What type of impact are you having on introducing students to STEM subjects?
Natasha: Space Club is a project that we’re proud to have created. After leaving the DoD, I joined a nonprofit, Communities In Schools of San Antonio, as the STEM Director. I was tasked with developing a STEM club that would connect with at-risk youth who had trouble finding the motivation to stay in school. I wanted to find a way to attract all students and avoid any preconceived notions about STEM. I started Space Club in 2014 with the thought that giving students a window into the beauty of space—and teaching the journey of humankind's exploration of other worlds—is a powerful tool to inspire and engage an interest in science and engineering. I faced challenges from administrators who didn’t want to support another afterschool program. They felt that students wouldn’t be interested and didn’t see any academic benefit. I pushed forward knowing that Space Club had huge potential to make a difference for students that had few role models in science and engineering, and who struggled with high poverty and dropout rates. One school took a chance, and I will never forget the first day of Space Club. Over 60 students stood in line to attend the meeting. Since then, over 500 students have joined Space Club at 5 different middle schools. With the support of a team of teachers and STEM mentors, we have launched rockets, visited mission control at NASA, sent weather balloons to collect data at 100,000 feet, and designed human colonies on the Moon and Mars. We are now an integral part of the district’s STEM pipeline toward a STEM Early College High School, and we have inspired school-wide STEM Family Nights at every elementary and middle school campus. I started Space Club because of my educational background, but I did not expect the awesome impact that launching a rocket and imagining a colony on Mars can have on a student's confidence and dreams.
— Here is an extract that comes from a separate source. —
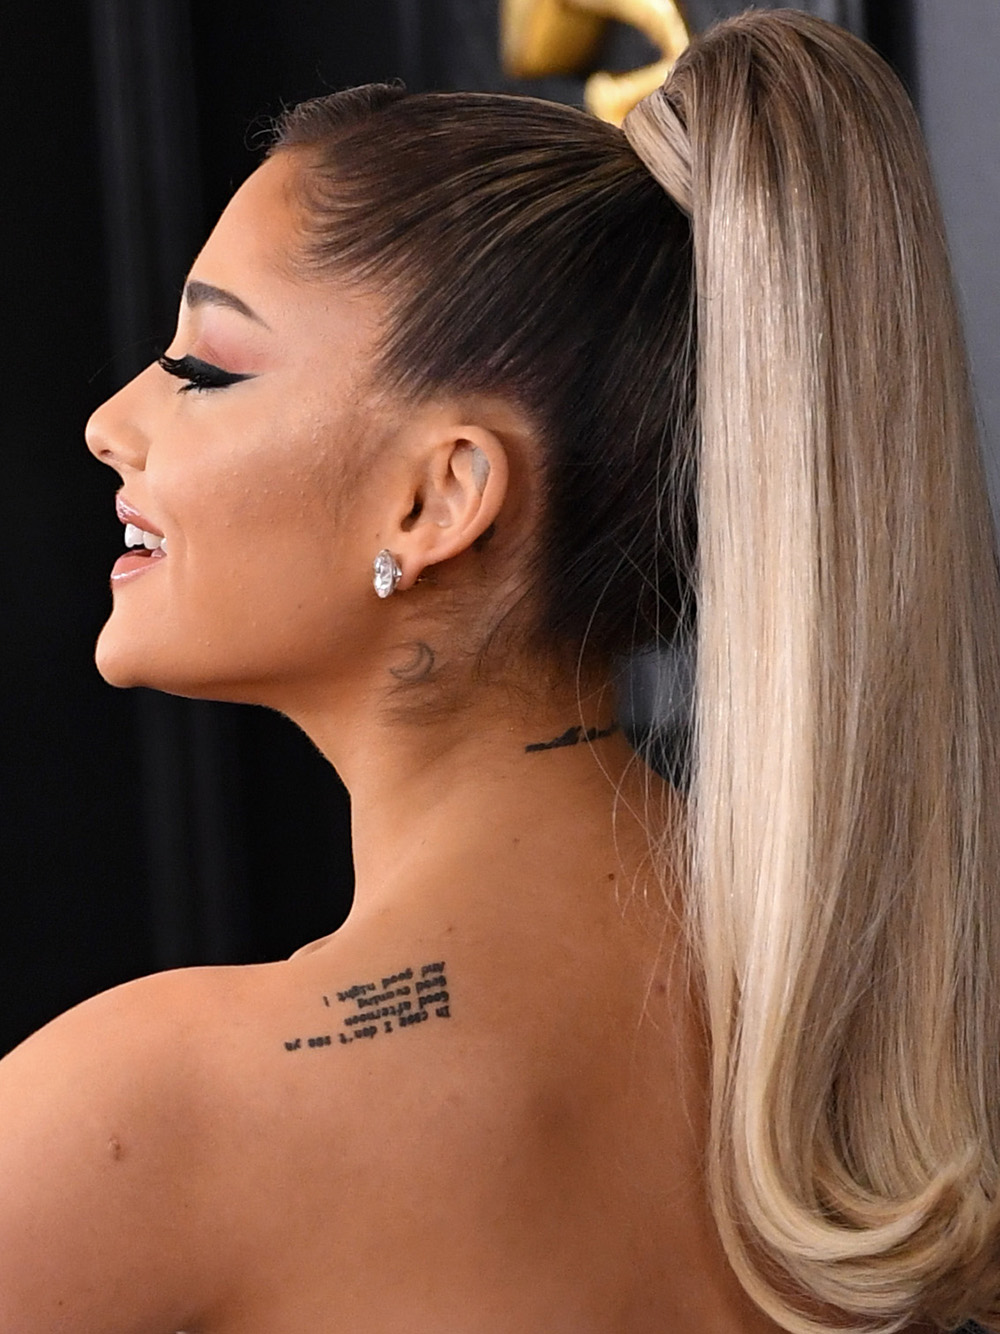 Ariana Grande's New Tattoo Fail Says

Where do you see your future in STEM?
Claire: One of our main goals is to help educators equip students to successfully achieve their goals. Dreams may change. I am not an astronaut candidate, but I achieved my goal of being a part of the exciting world of aviation. I’m also close to attaining my private pilot’s license. The key is knowing how to get where you want to be and having the support to get there. We are excited to be a part of the STEM education movement and inspiring youth to pursue careers in engineering and aviation!